Contact: University Relations, Office: (517) 355-2281, media.communications@ur.msu.edu
Published: May 30, 2006
EAST LANSING, Mich. – William H. Schmidt, a University Distinguished Professor at Michigan State University, has been elected to the prestigious National Academy of Education.
Schmidt, an MSU professor of educational psychology and measurement and quantitative methods, is one of only three scholars in the world chosen for membership in recognition of their pioneering efforts in educational research and policy development.
"Bill’s appointment to this prestigious organization brings honor and credit both to him and to Michigan State," said university President Lou Anna K. Simon. "His outstanding scholarship and ongoing efforts—particularly to improve the quality of math and science teaching, both nationally and internationally—are tremendous examples of what MSU’s land-grant tradition and ‘world-grant’ aspirations are all about."
Schmidt is co-director of the Education Policy Center at MSU, the U.S.-China Center for Educational Excellence, and co-principal investigator of the $35 million project known as Promoting Rigorous Outcomes in Mathematics and Science Education or PROM/SE.
Through much of the 1990s, Schmidt also served as project coordinator and executive director of the U.S. National Research Center for the influential Third International Mathematics and Science Study, which involved dozens of countries and chronicled the lagging achievement of American K-12 students in mathematics and science.
In announcing his membership, the academy described his research as having “enormous impact on national and international policy and research primarily through his work on international comparison of educational achievement.”

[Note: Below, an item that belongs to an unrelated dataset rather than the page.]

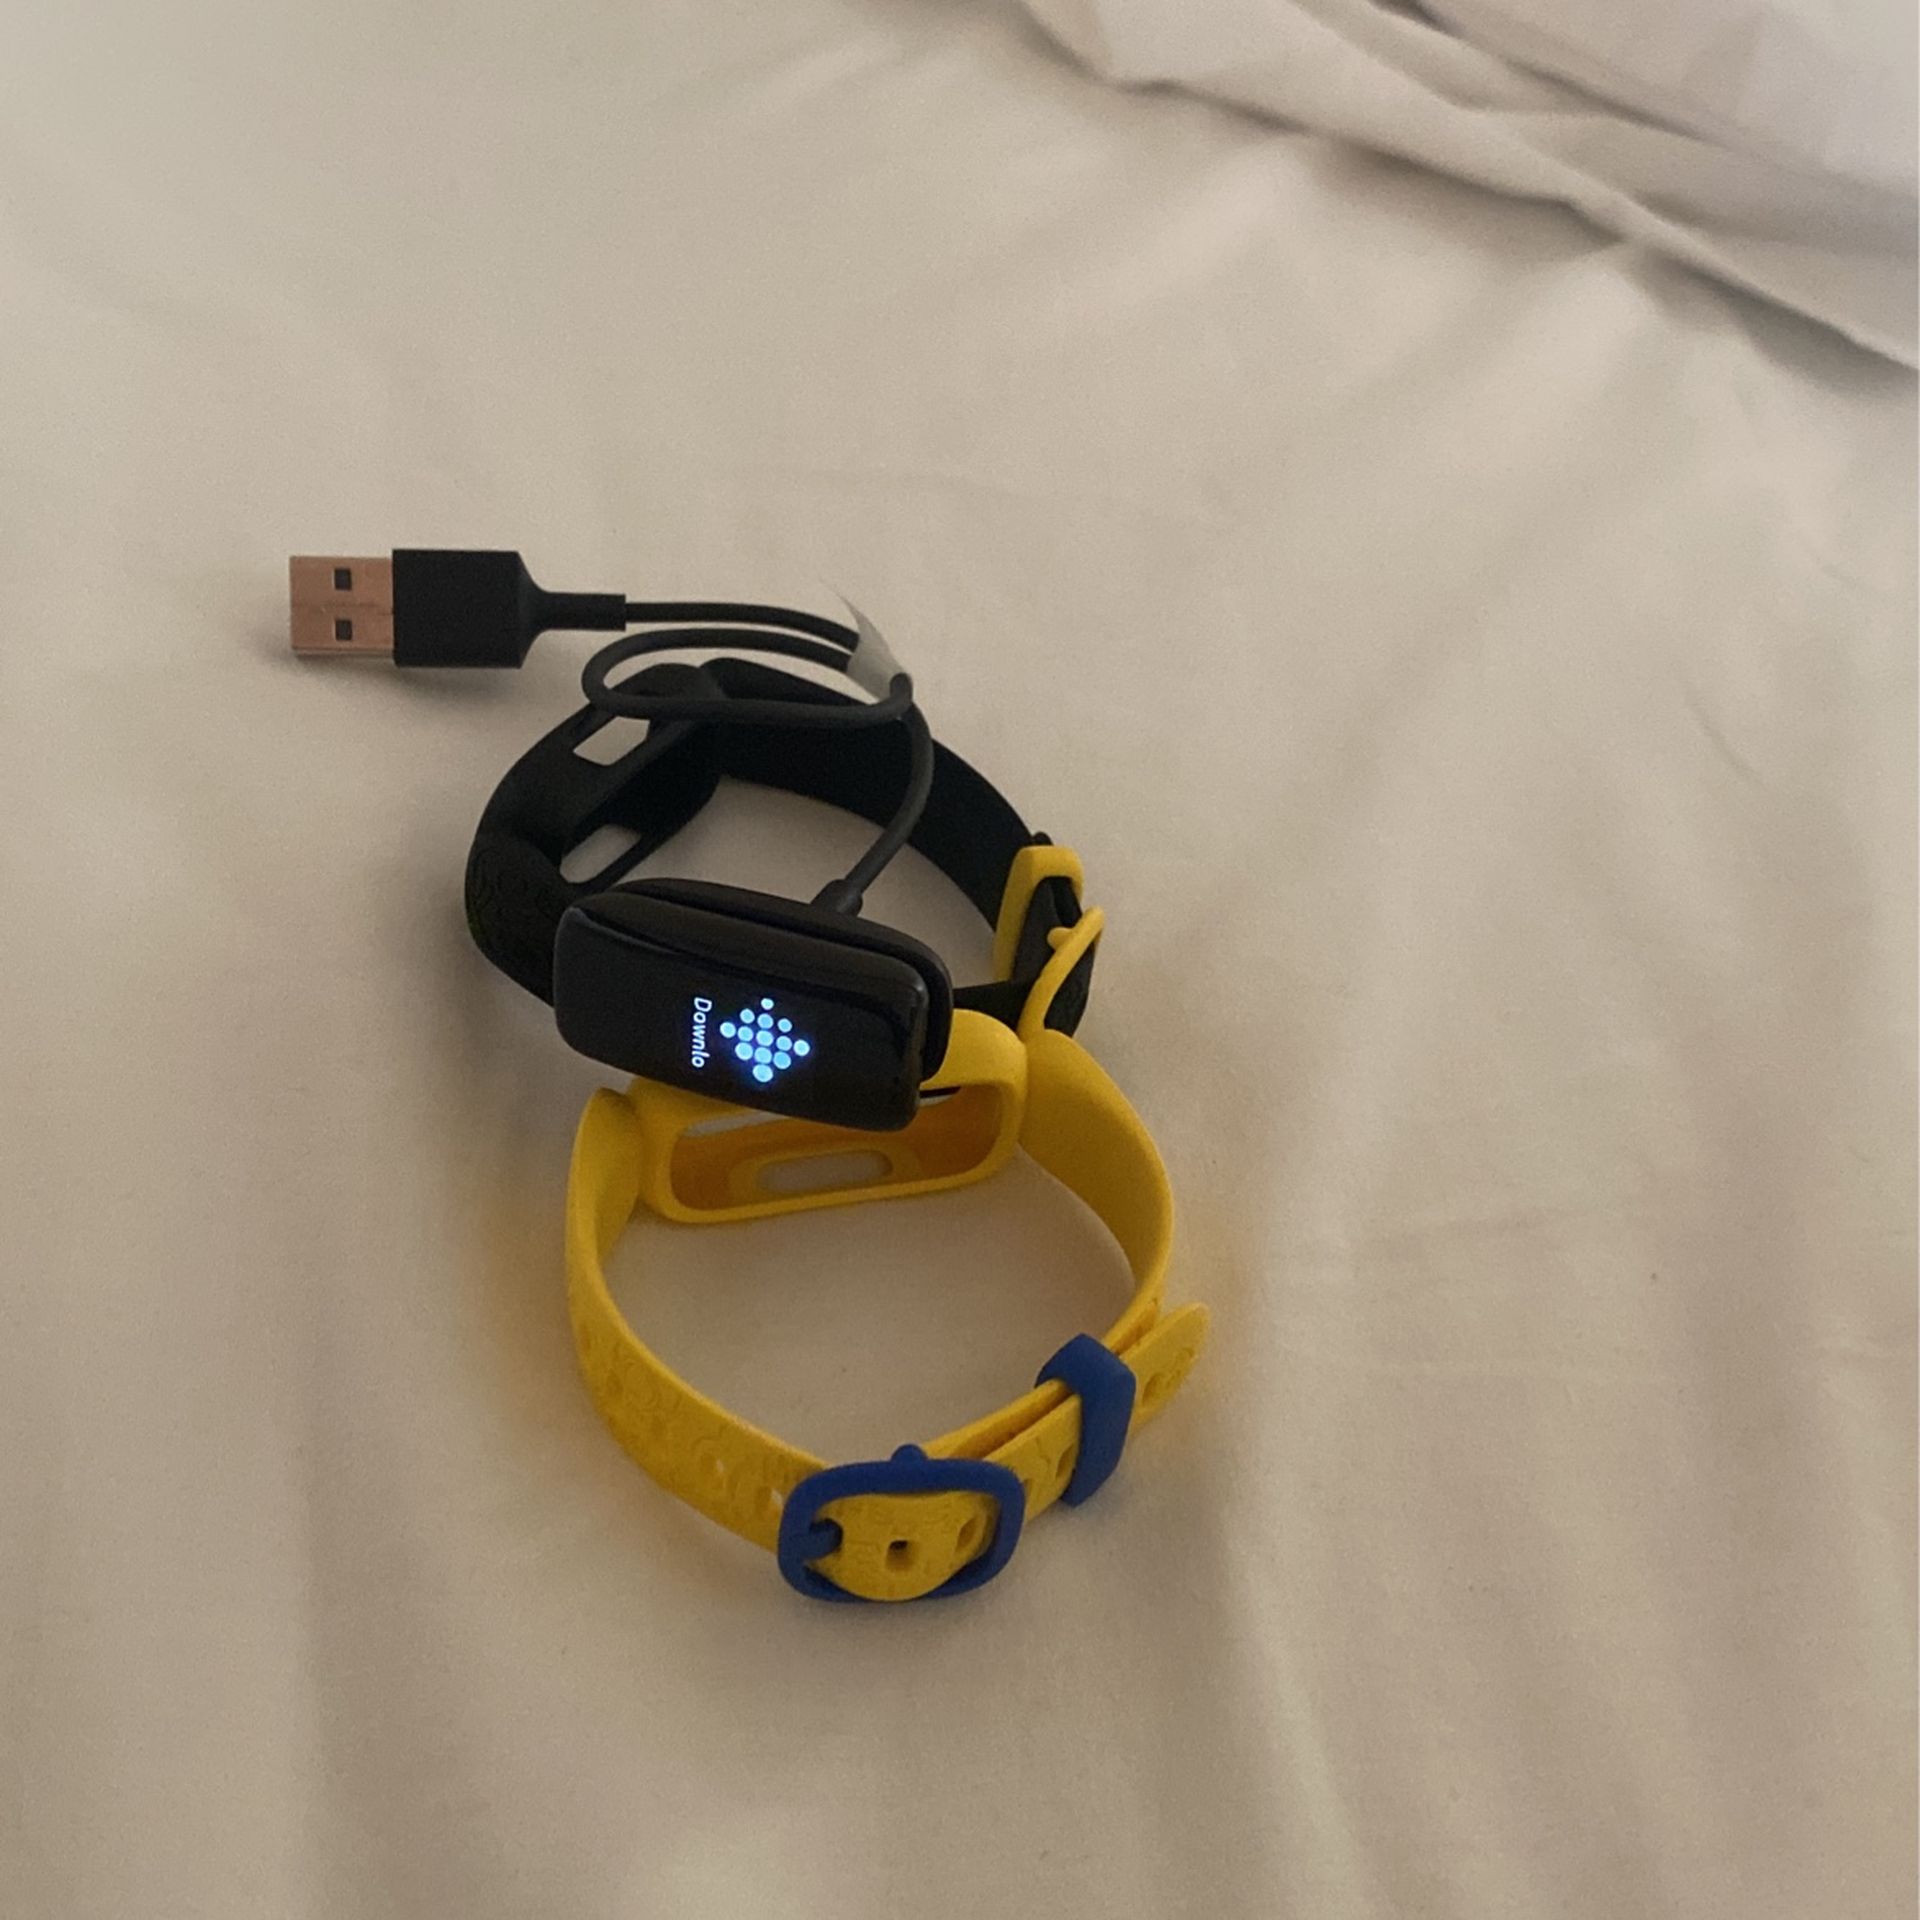 Ace 3 Minion Edition Fitbit For Kids

Schmidt received his doctorate from the University of Chicago and came to MSU in 1969. He was appointed a University Distinguished Professor by the MSU Board of Trustees in 1998.
The National Academy of Education is an honorary society that currently has 129 members and eight international associates. Total membership is limited to 150 scholars. Through the years its members have included such luminaries as anthropologist Margaret Mead and psychologist Jean Piaget. The academy was founded in 1965 to advance the highest quality education research and its use in policy formation and practice.